┏━━

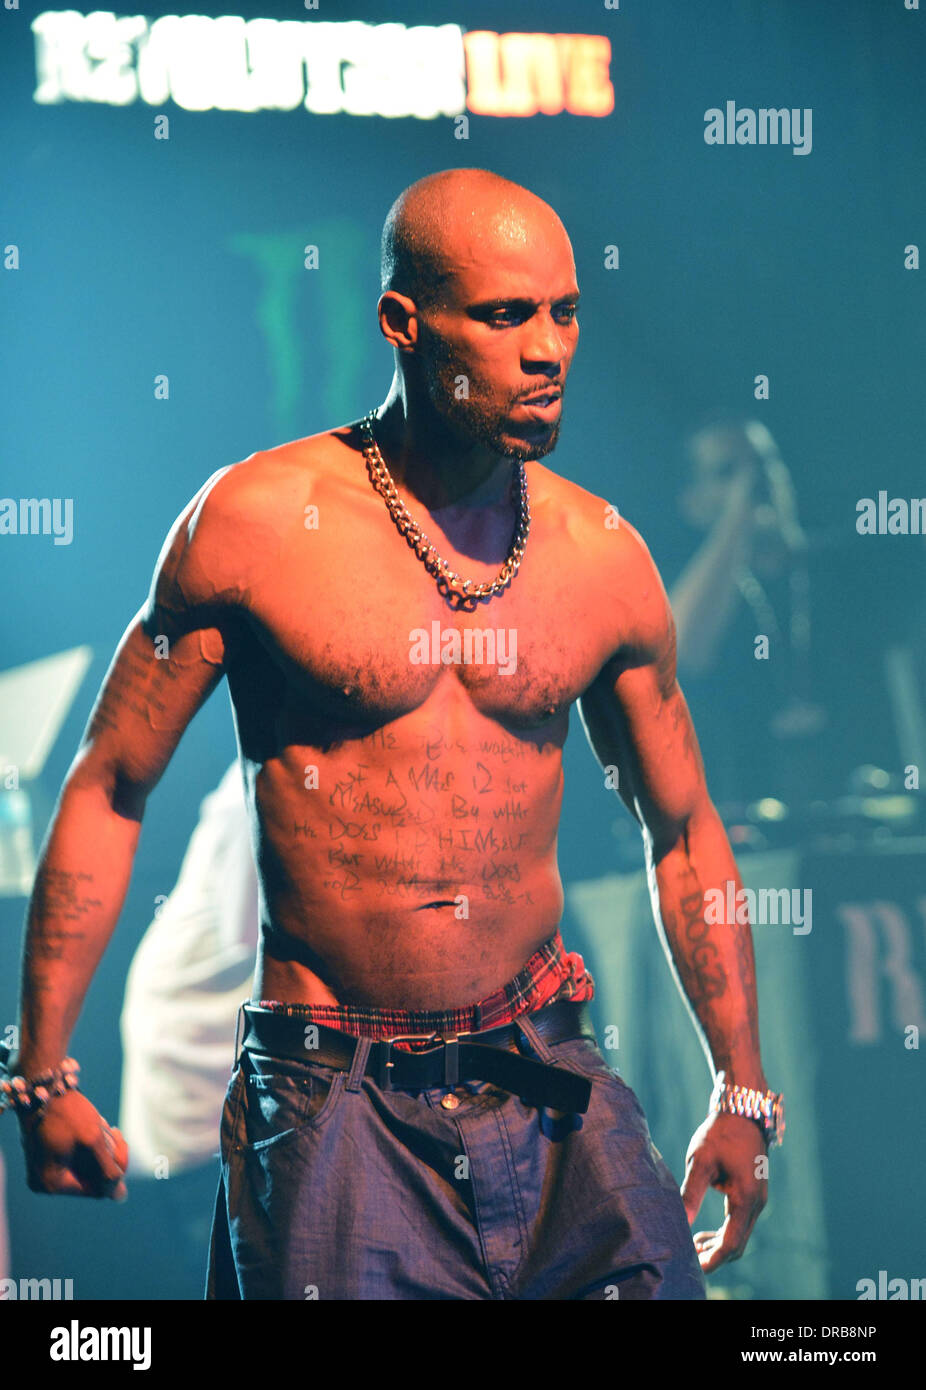 DMX performing live to promote his new CD 'Undisputed' at Revolution Live  Hollywood, Florida - 06.07.12 Stock Photo - Alamy
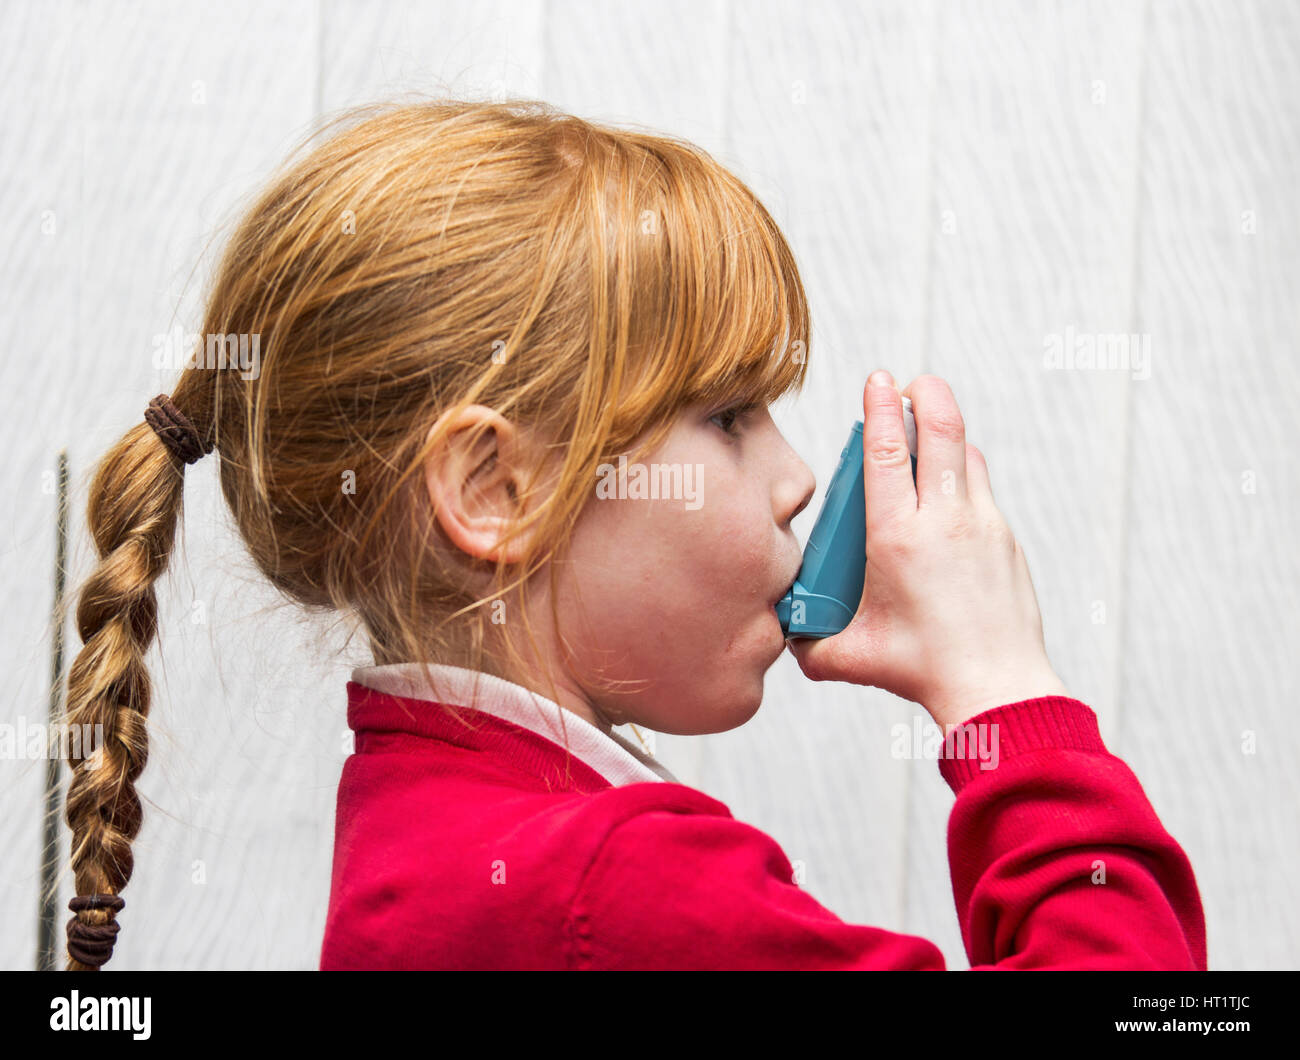 Ventolin asthma inhaler use by 7 year old Caucasian girl Stock Photo
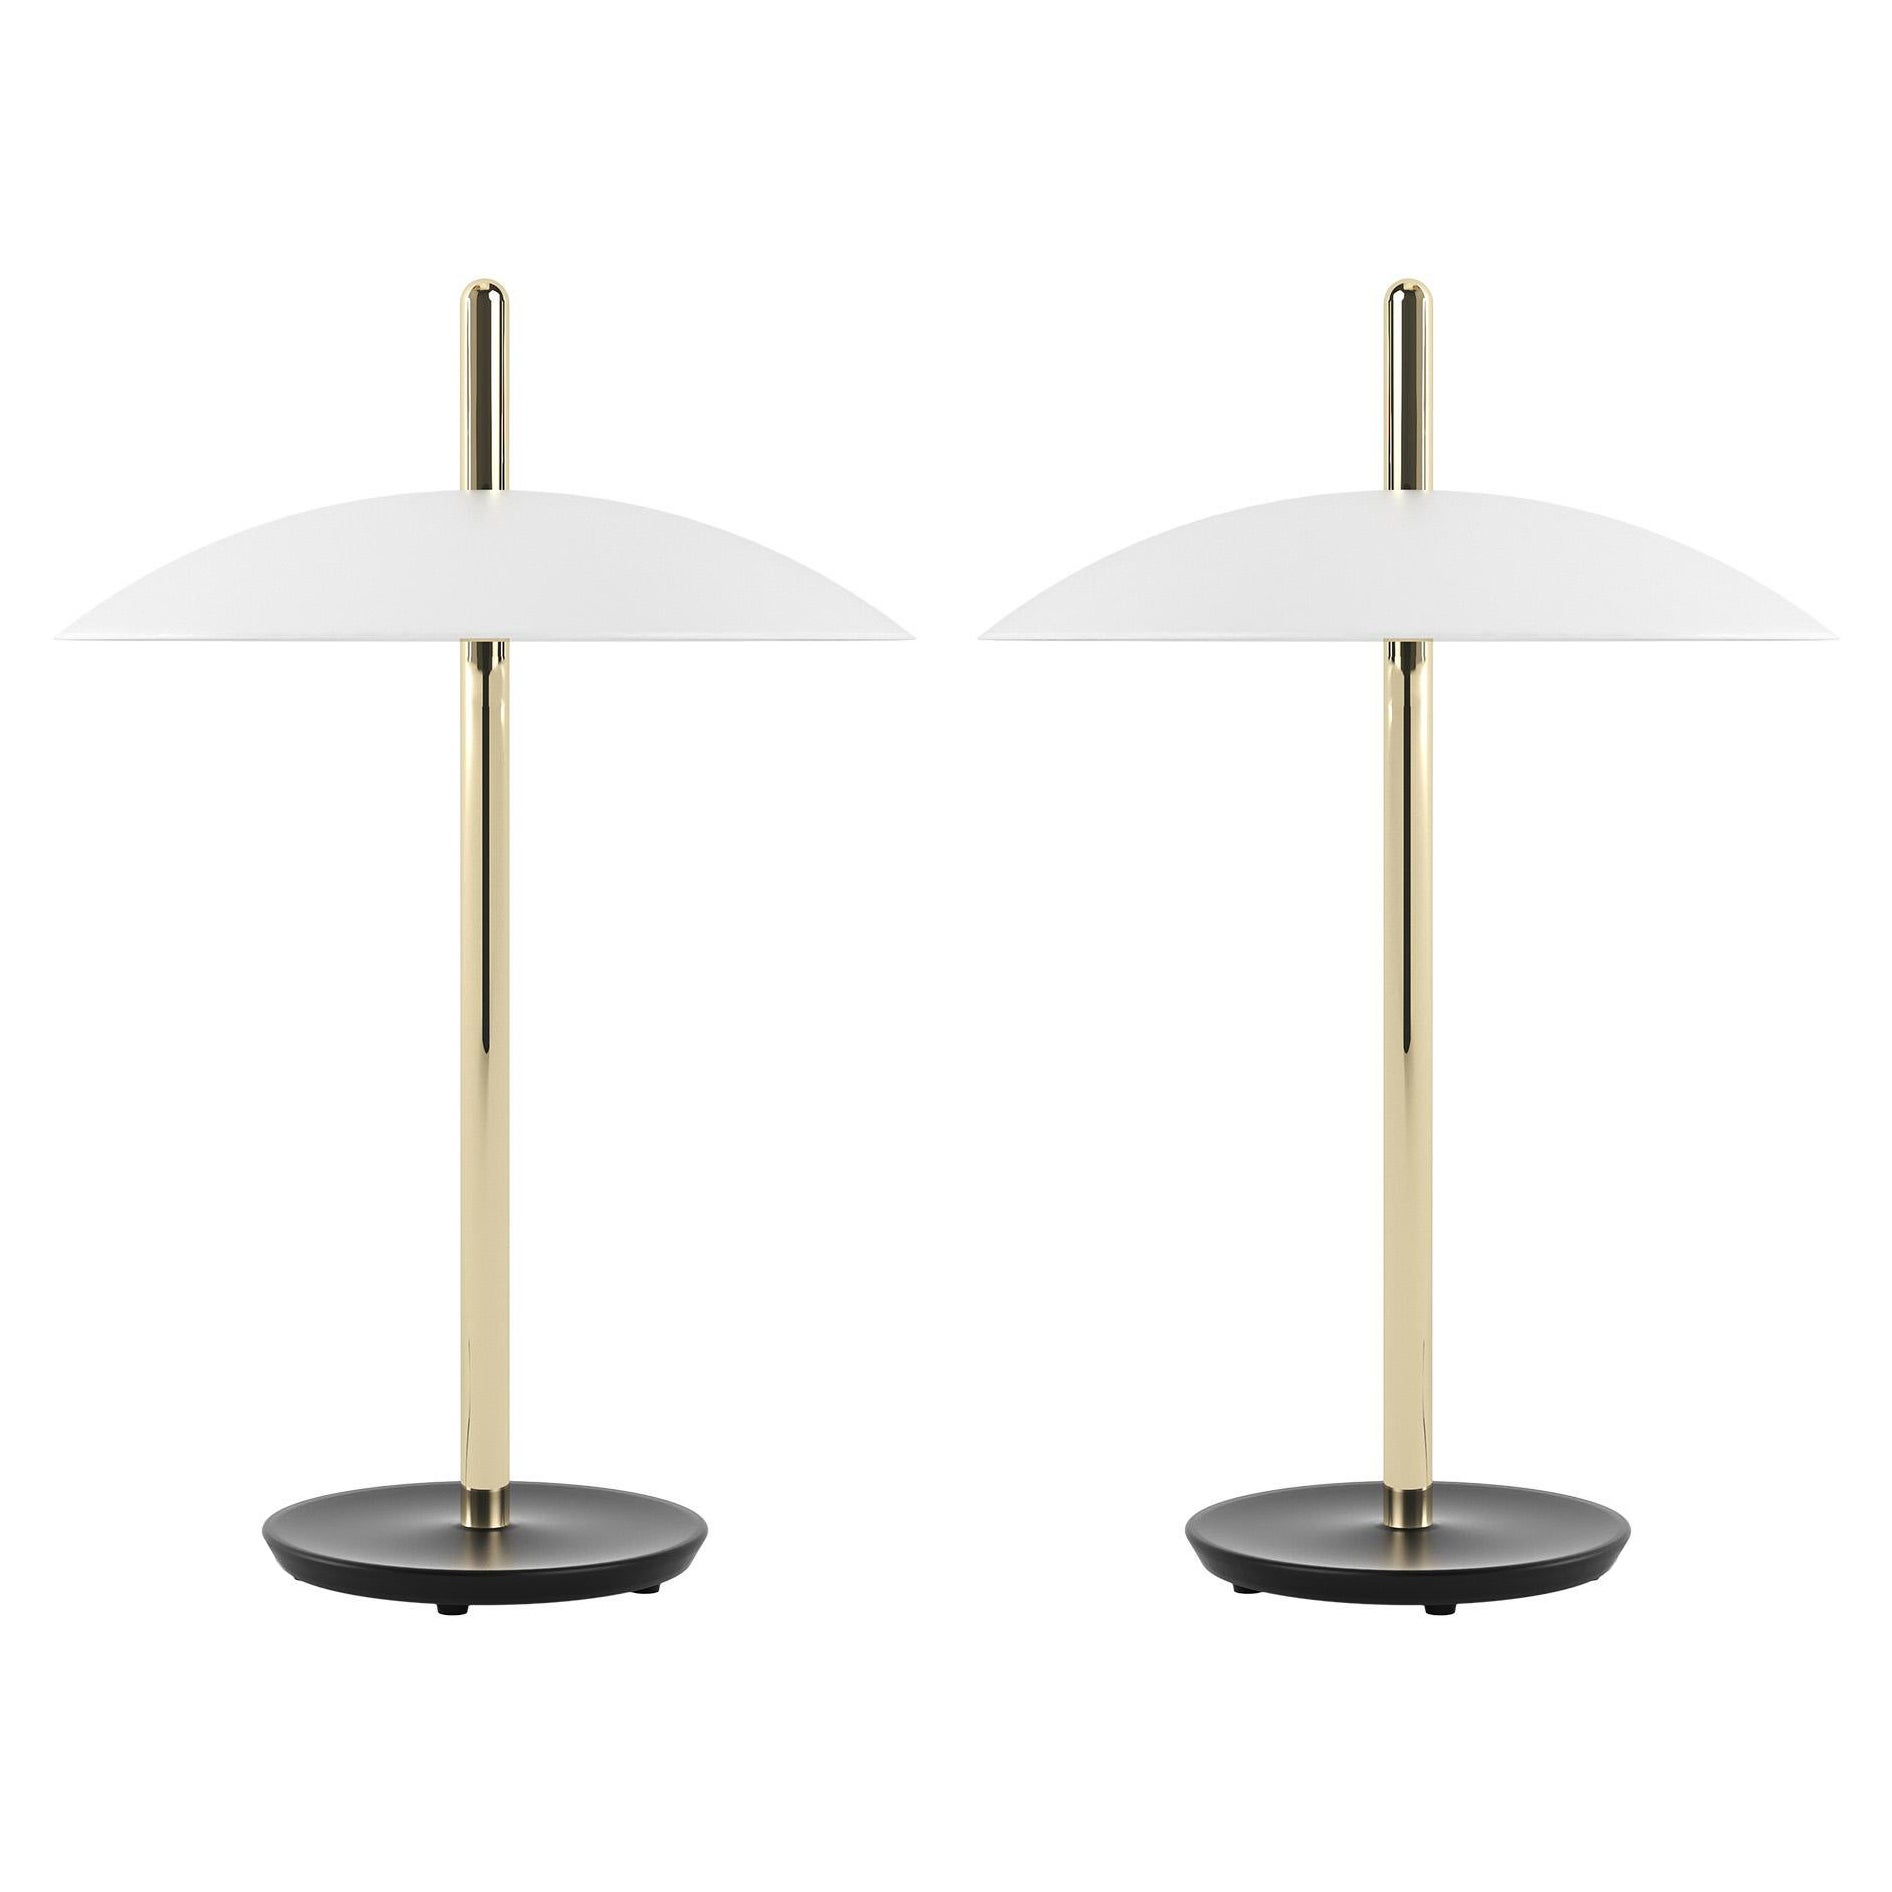 Pair of Signal Table Lamps from Souda, White & Brass, Made to Order

┗━━

Task to complete |
Print once more, exactly, the lines from the one with "Ventolin asthma inhaler" through the last line of the data, both ends included, without any pictures.

Solution for this exercise |
 Ventolin asthma inhaler use by 7 year old Caucasian girl Stock Photo
 Pair of Signal Table Lamps from Souda, White & Brass, Made to Order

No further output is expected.